Research shows that egg donors are generally happy with their decision and the vast majority do not regret it (in one study of an egg sharing program, only 2.1% regretted their decision to participate). And anecdotally speaking, donors we work with at Cofertility are grateful for the opportunity to donate their eggs and keep half of the eggs retrieved for their own future use, for free.
Concerns and curiosity are natural, but they must be handled with delicacy and empathy. Being there for her doesn't mean agreeing with her on every point but rather offering a safe space where she can express her feelings and thoughts freely.
Empirical studies on autonomy and healthcare decisions reinforce the importance of respecting individual choices, particularly those concerning one's body and reproductive rights. In the context of egg donation, this principle becomes paramount, reflecting the ethical, emotional, and personal dimensions of the choice at hand.
Celebrate the achievement
Egg freezing and donation can be an expression of personal values, a decision that encapsulates a woman's beliefs, or simply an achievement that deserves acknowledgment and celebration.
Celebrating this achievement can take many forms, from simple words of congratulations and admiration to more elaborate expressions of support. It might mean throwing a small celebration, writing a heartfelt letter, or finding another personal way to convey pride and gratitude.

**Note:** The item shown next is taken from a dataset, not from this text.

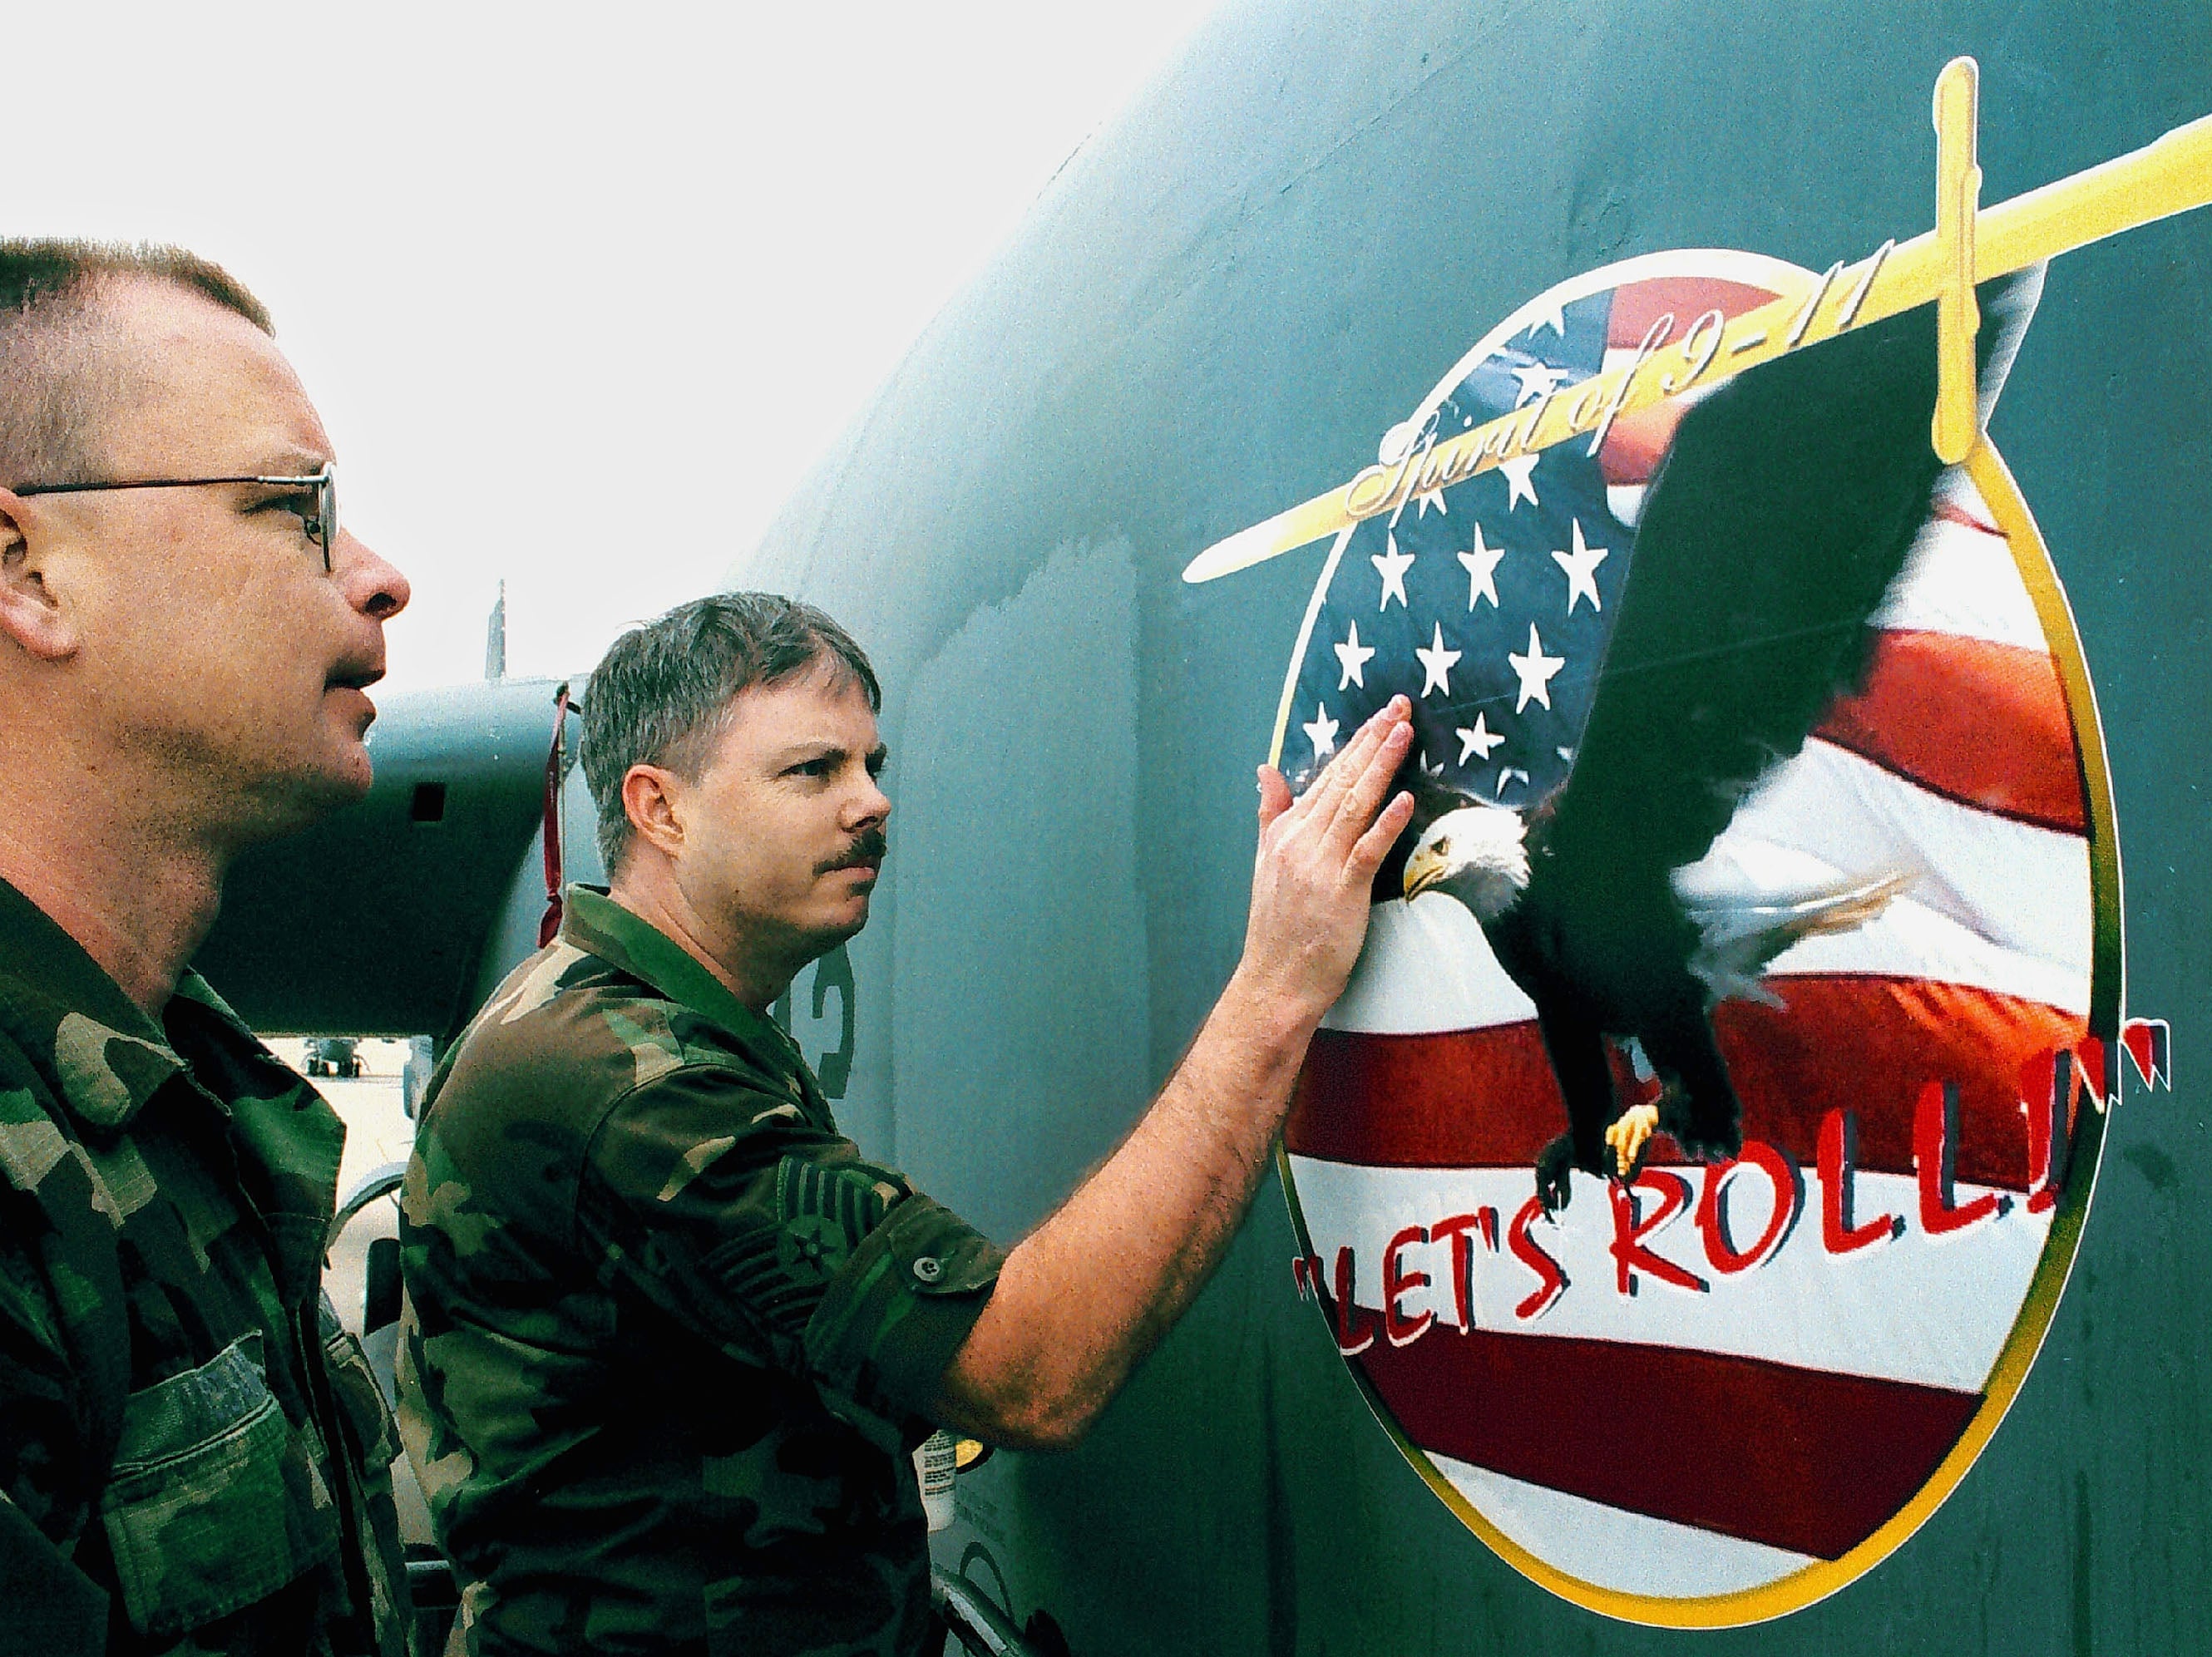 U.S. Air Force Reservists Tech. Sgt. Ron (L) and Staff Sgt. Brian of the 93rd Bomber Squadron apply a decal with the phrase "Lets Roll" to the side of a B-52 bomber February 20, 2002

Celebration does not necessarily mean a public declaration but rather an authentic and personal acknowledgment of the strength, courage, and compassion embodied in the decision itself. The act of recognizing and honoring this choice can create a shared moment of joy and connection, strengthening the bonds between the donor and those closest to her.
In summary
Through our work with hundreds of donors, we've learned that the path is never solitary, nor should it be. The role of friends, family, partners, and significant others in this process cannot be overstated.
From understanding the technical aspects of the process to being a comforting presence during medical appointments, offering assistance with injections, respecting personal choices, and celebrating the decision, the support system surrounding a donor becomes an integral part of the experience. These connections not only ease the logistical and emotional challenges but transform the process into a shared journey that's imbued with empathy, respect, and love.
Our commitment to supporting individuals and families remains unwavering. By fostering a robust network of support and sharing our insights, we hope to make the journey not only more approachable but also more meaningful. The dreams of creating and nurturing life are collective ones, and we at Cofertility are honored to be part of these intimate and extraordinary stories.